Immunocamouflage of foreign cells and tissues is accomplished via the covalent modification of the cell membrane with nonimmunogenic materials such as methoxypoly(ethylene glycol). This nonimmunogenic barrier prevents the recognition of antigenic sites on the cell membrane by preexisting antibodies –hence preventing immunological rejection – and significantly diminishes the immunogenicity of the foreign cellular epitopes. Ongoing projects within the laboratory include the modification of red blood cells to prevent alloimmunization in the chronically transfused (e.g., sickle cell, thalassemic, autoimmune hemolytic anemia) patient; the prevention of graft versus host disease via lymphocyte modification; and the modification of pancreatic islets for tissue transplantation in diabetes.

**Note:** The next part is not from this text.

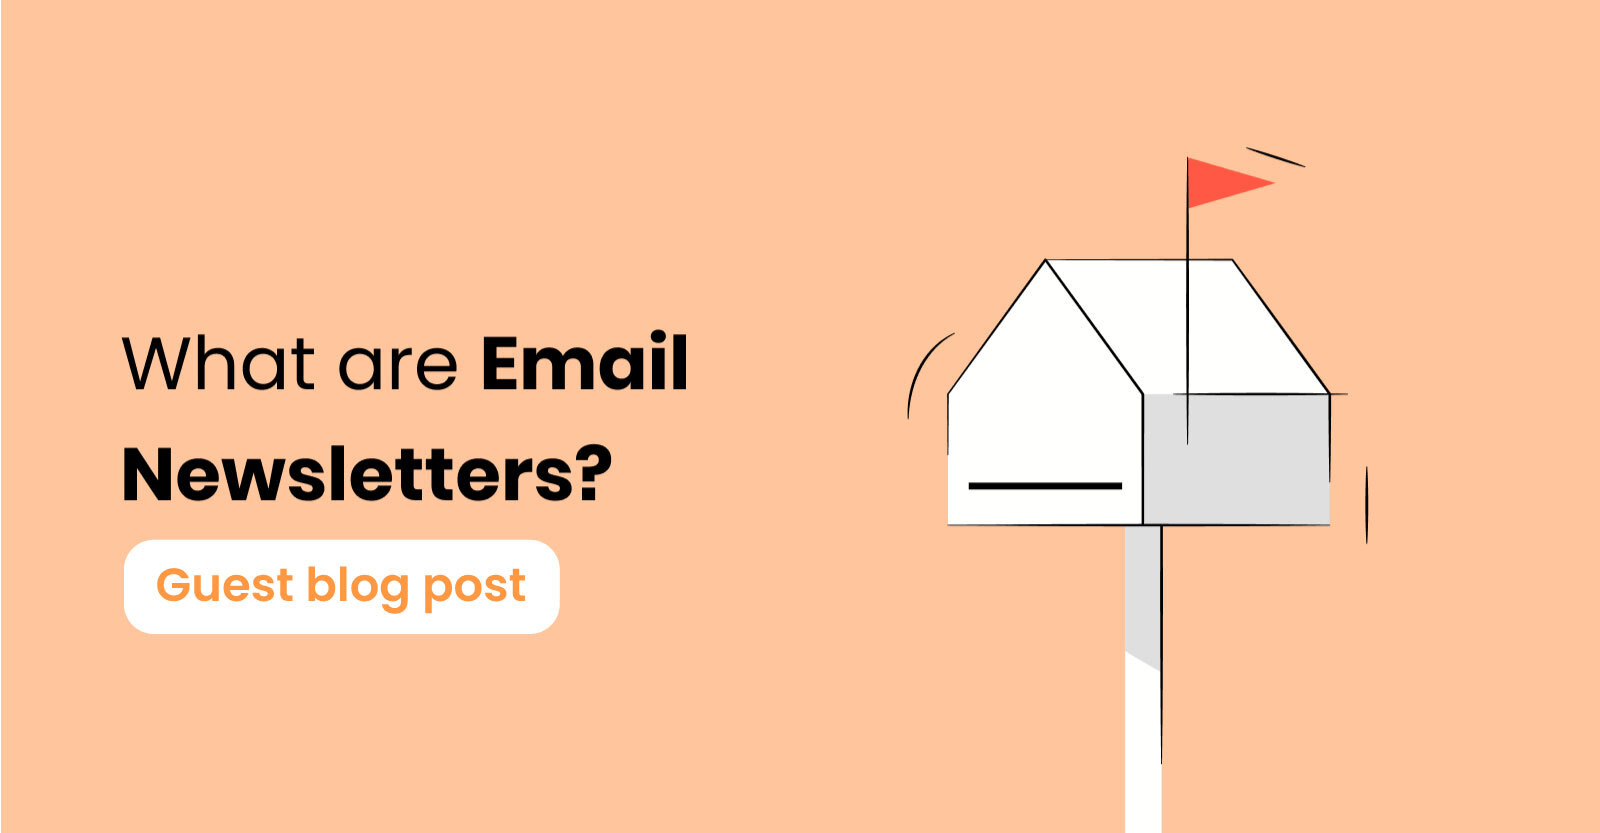 shopify email newsletters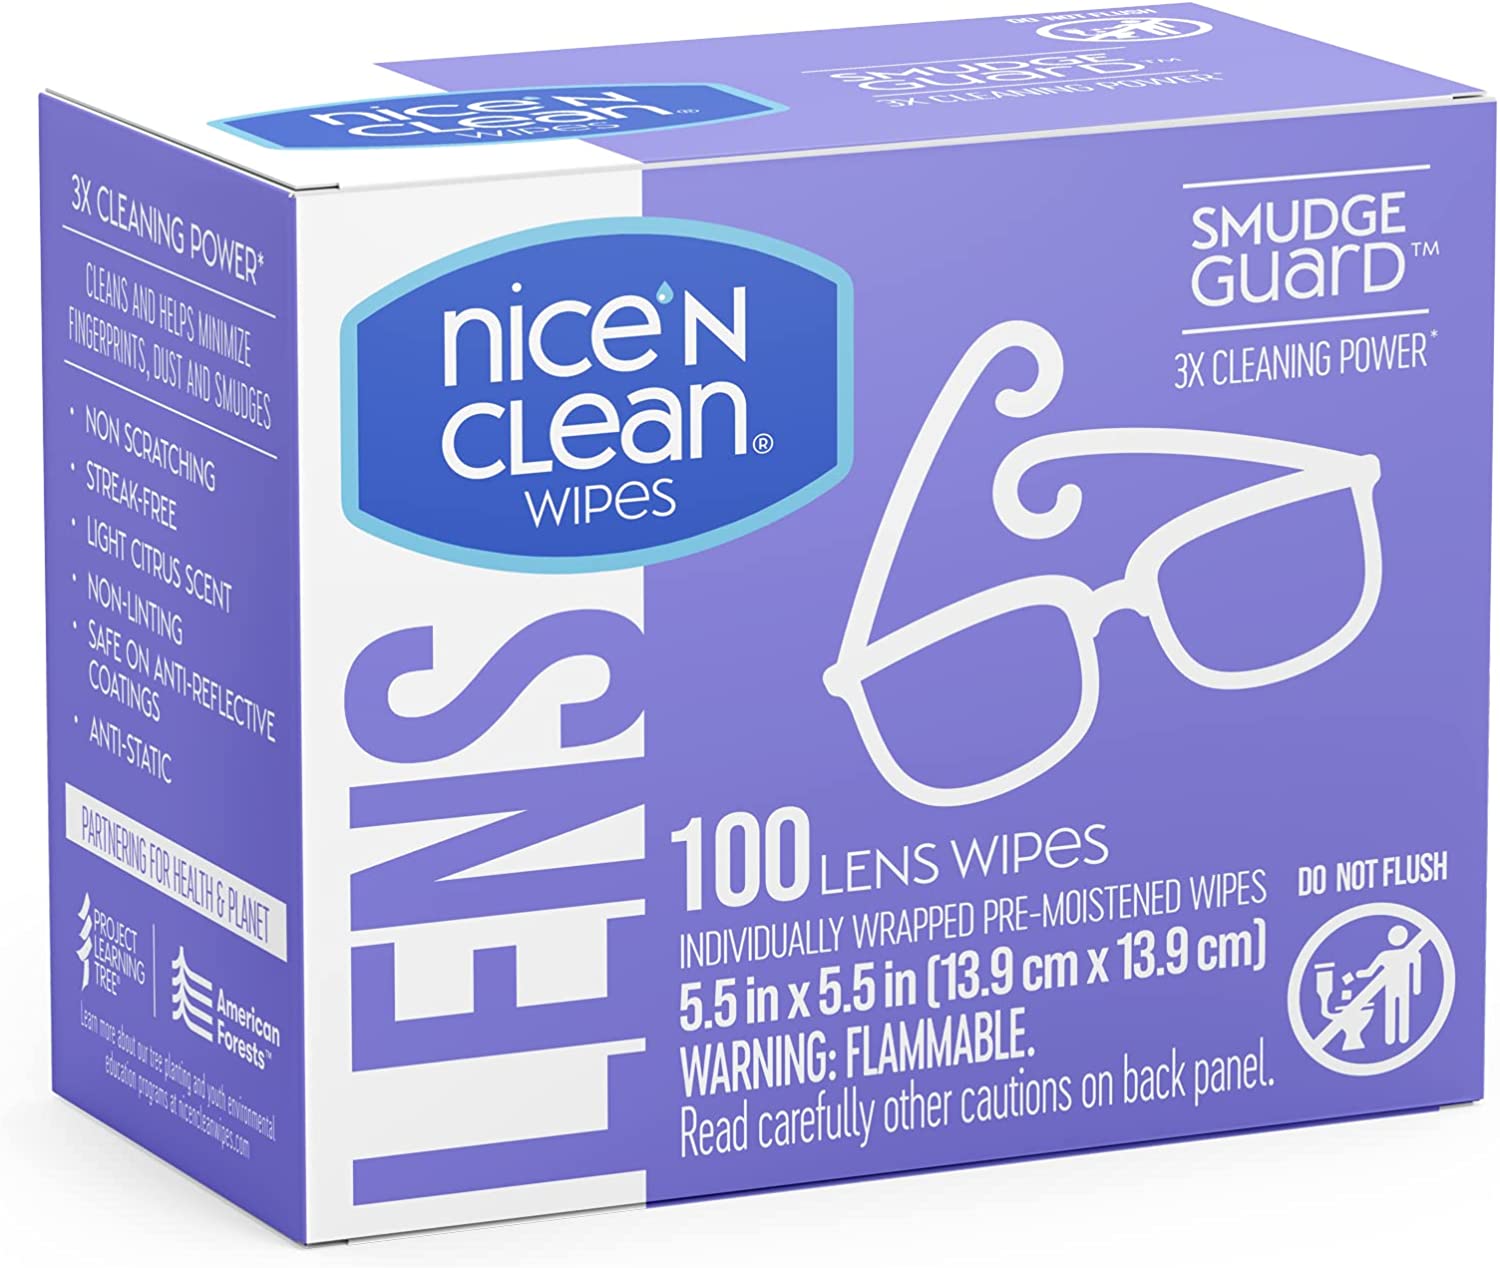 Glasses Wipes Lens Cleaner Lens Wipes for Eyeglasses - 100 Pre-moistened  Individually Wrapped Wipes for Eye Glasses, Electronics, Phone, Computer

Immunocamouflage also has application in the inactivation of viruses and/or prevention of viral infections. Studies in Dr. Scott’s laboratory have demonstrated the utility of the immunocamouflage technique in inactivation viruses contained in blood products by preventing normal cellular invasion. Similarly, the immunocamouflage of the target cells of viruses has also proven effective in preventing viral invasion and infection. The utility of this technology towards blood borne and respiratory (e.g., Rhinoviruses) viruses are actively under investigation.
Additional research in Dr. Scott’s laboratory is directed towards determining whether the intraerythrocytic chelation and redox-inactivation of the hemoglobin-derived heme and iron present in the sickle and thalassemic RBC may significantly delay its premature destruction. Previous studies by this laboratory have demonstrated that the basic pathophysiology of the sickle and thalassemic RBC is mediated by a self-propagating, self-amplifying redox reaction initiated by the initial autoxidation of the sickle hemoglobin or unpaired alpha and beta hemoglobin chains. Subsequent glutathione-driven, iron-mediated, oxidative events degrade additional hemoglobin (releasing more heme/Fe) as well as other cellular components leading to significant functional and structural changes. It is hypothesized that a modest prolongation of the life span of the thalassemic erythrocyte may improve the “effective” erythropoiesis (i.e., hematocrit, reticulocyte count) such that the need for transfusion therapy may be obviated in a significant segment of the thalassemic population.